For reactions approaching the diffusion limit, apparent rate constants were adjusted using the Collins–Kimball theory [38]. Branching ratios (Γ, %) were determined using:

$${\Gamma }_{\mathrm{p}\mathrm{a}\mathrm{t}\mathrm{h}}={\displaystyle \frac{k}{k_{\mathrm{o}\mathrm{v}\mathrm{e}\mathrm{r}\mathrm{a}\mathrm{l}\mathrm{l}}}}\times 100$$

where k is the rate constant for a specific reaction pathway and k_overall is the total rate constant of all pathways.

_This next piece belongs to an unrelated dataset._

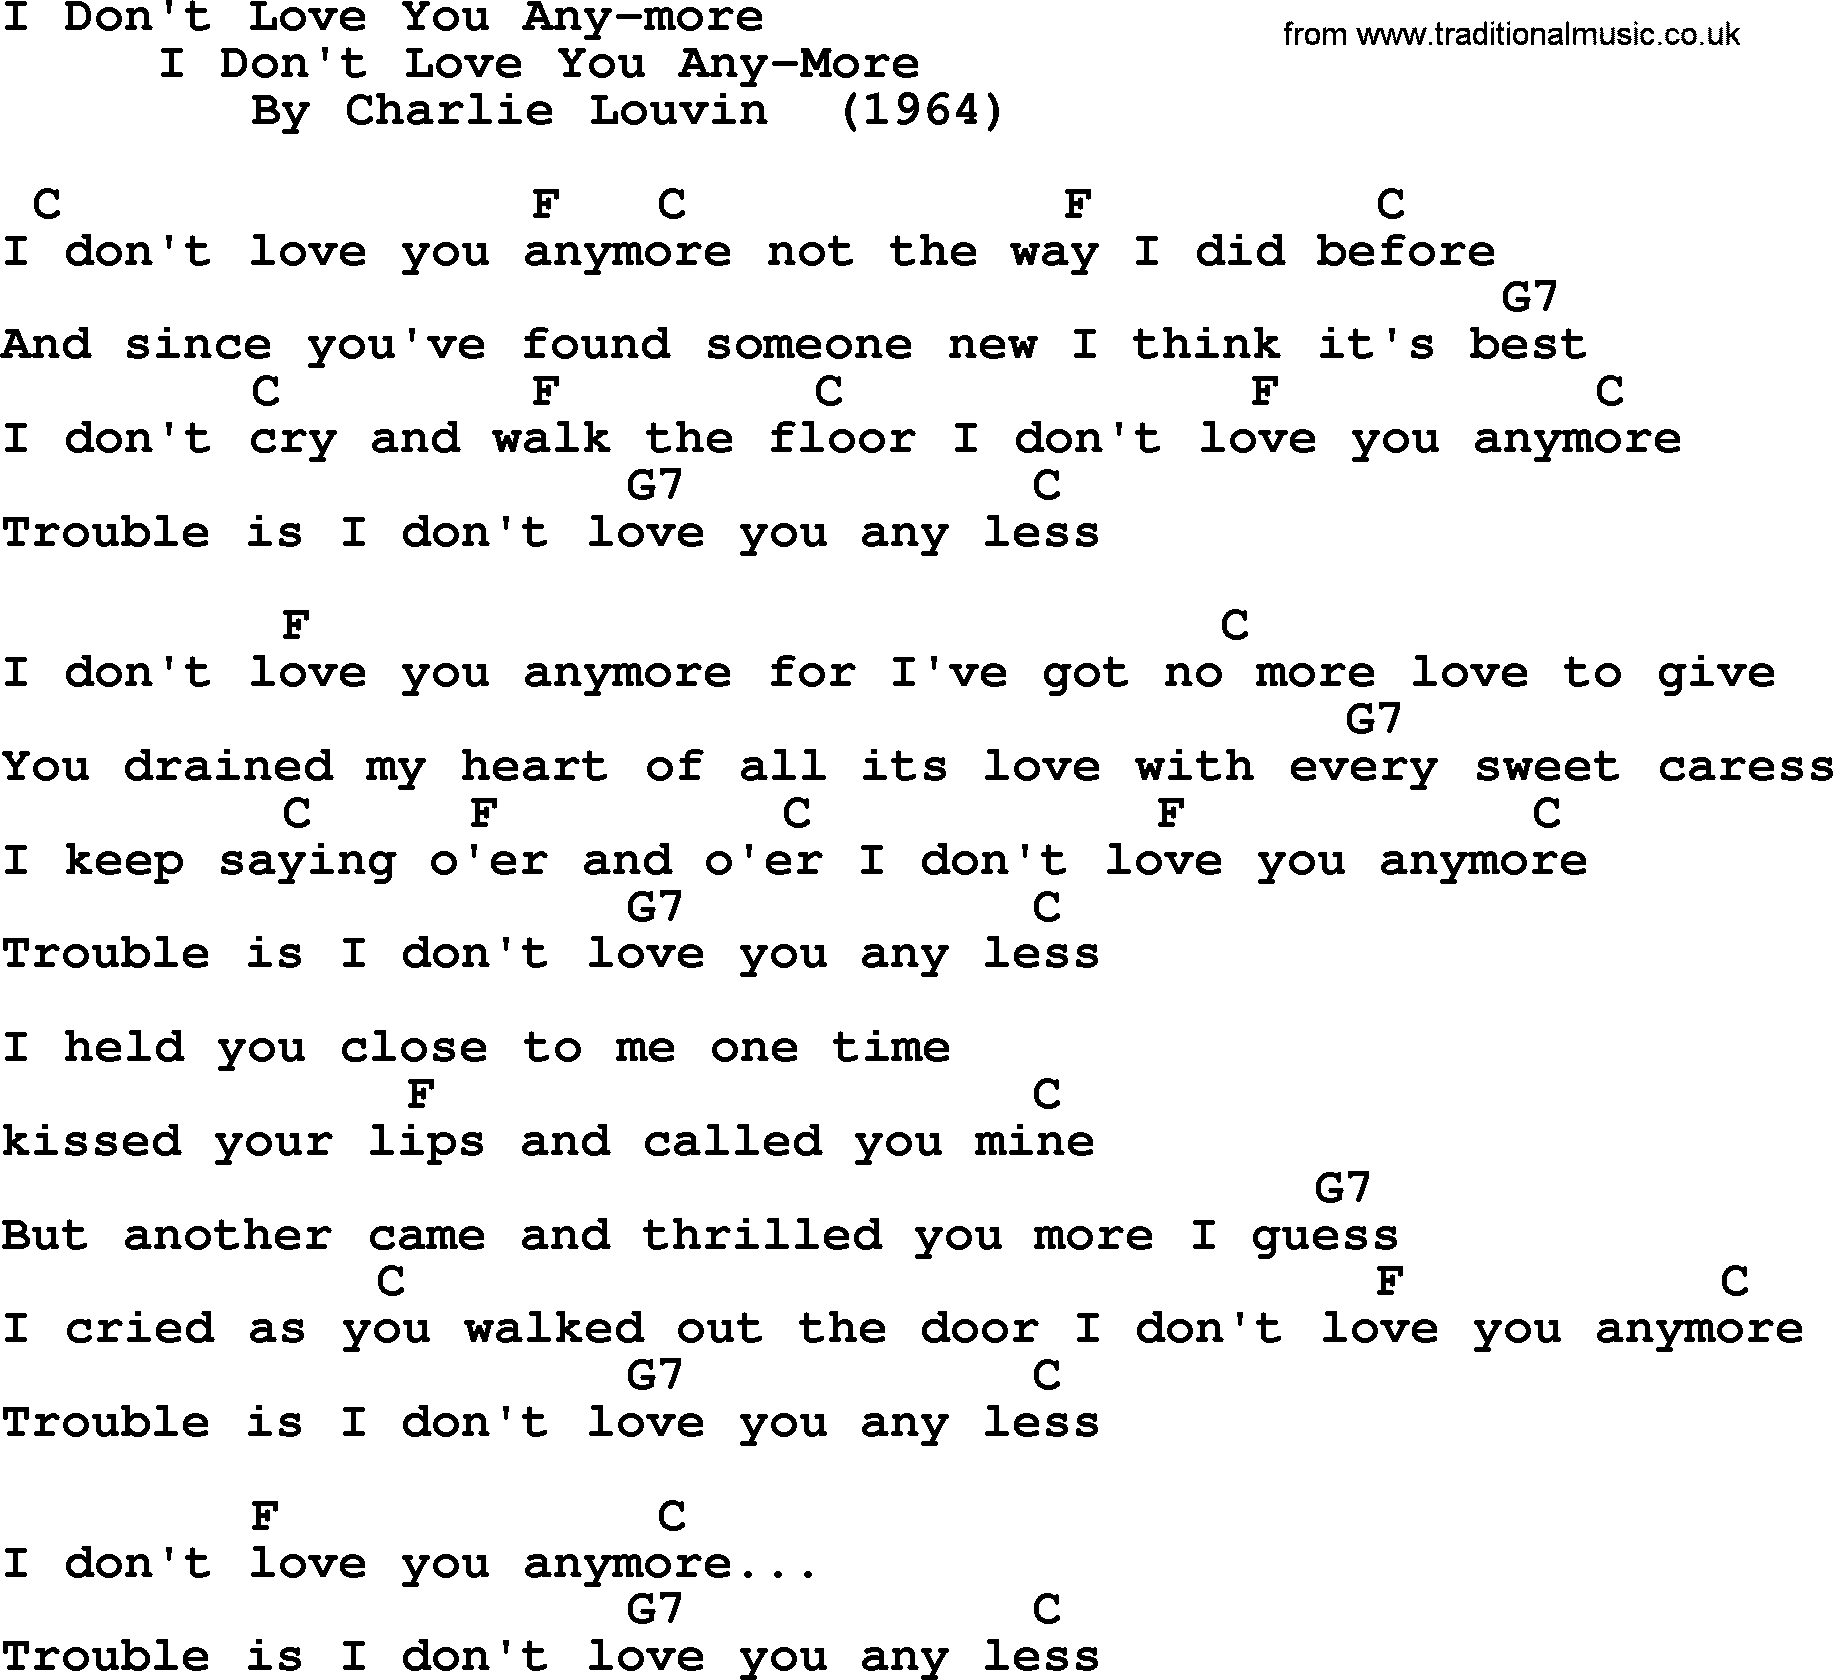 Bluegrass song: I Don't Love You Any-More, lyrics and chords
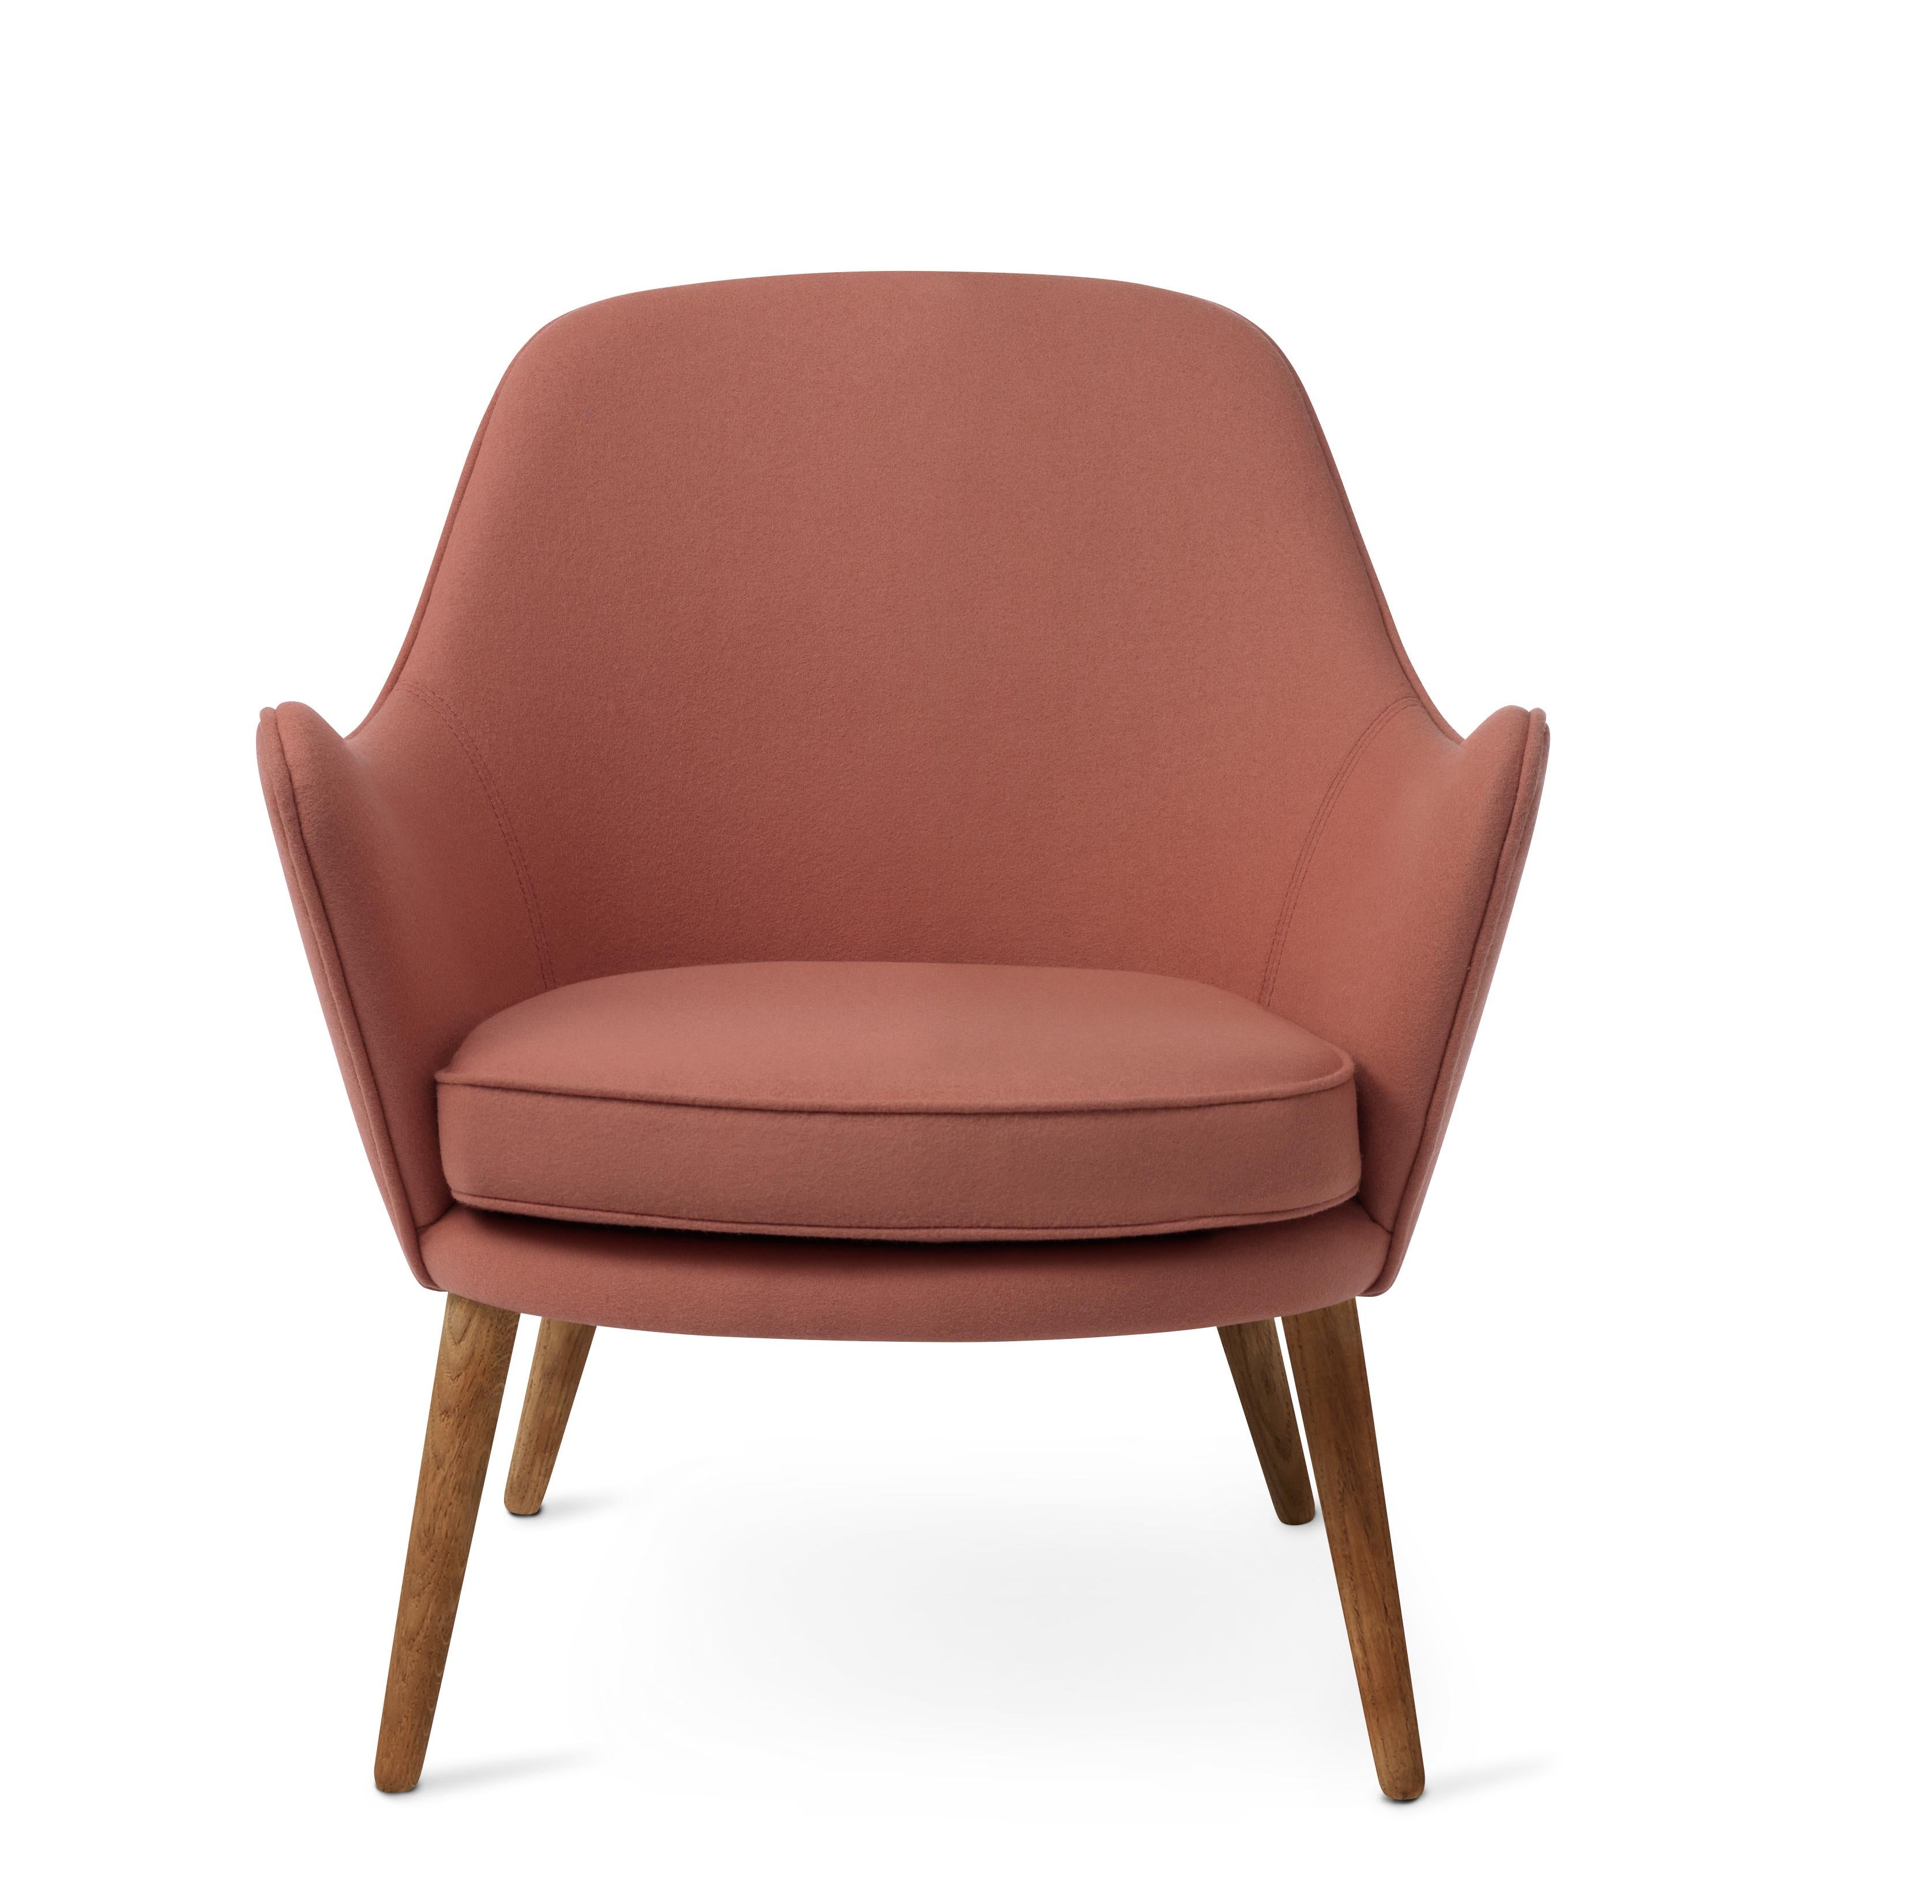 For Sale: Pink (Hero 511) Dwell Lounge Chair, by Hans Olsen from Warm Nordic

The Gibbs free energy of activation for the single-electron transfer (SET) mechanism was estimated using Marcus theory [39]:

$${∆\mathrm{G}}_{\mathrm{S}\mathrm{E}\mathrm{T}}^{\ne }={\displaystyle \frac{\lambda }{4}}{(1+{\displaystyle \frac{{∆\mathrm{G}}_{\mathrm{S}\mathrm{E}\mathrm{T}}^0}{\lambda }})}^2$$

$$\lambda \approx {\mathsf{\Delta }\mathrm{E}}_{\mathrm{S}\mathrm{E}\mathrm{T}}+{∆\mathrm{G}}_{\mathrm{S}\mathrm{E}\mathrm{T}}^0$$

where $\lambda$ represents the nuclear reorganization energy, ${∆\mathrm{G}}_{\mathrm{S}\mathrm{E}\mathrm{T}}^0$ is the Gibbs free energy of reaction, and ${\mathsf{\Delta }\mathrm{E}}_{\mathrm{S}\mathrm{E}\mathrm{T}}$ is the nonadiabatic energy difference between the reactants and vertical products.

4. Conclusions

The hydroperoxyl radical scavenging activity and mechanisms of BPs 1 and 2, previously isolated from Polysiphonia urceolata, have been thoroughly investigated using DFT calculations and kinetic studies. The results demonstrate that both compounds exhibit good to high scavenging capacity in lipid media, with BP 2 emerging as the most active derivative. Notably, the rate constant of BP 2 in lipid media was found to exceed that of common antioxidants such as Trolox and BHT. In aqueous media at physiological pH, both compounds exhibit comparable reactivity, with rate constants in the order of 10⁸ M⁻¹ s⁻¹, yet they are significantly more active than both BHT and Trolox. Mechanistically, the f-HAT pathway was identified as the primary mechanism in both lipid and aqueous media for both BPs. In lipid media, f-HAT occurs at the 3-OH site, while in water, it takes place at the 10-OH site for BP 1 and at the 3-OH, 11-OH, and 12-OH sites for BP 2. The findings obtained are in good agreement with the results of the DPPH assay reported in the literature, which confirms the accuracy of the calculations. This study provides new insights into the mechanisms and antioxidant capacity of BPs and highlihts 1 and 2 as potent natural antioxidants in both polar and lipid environments.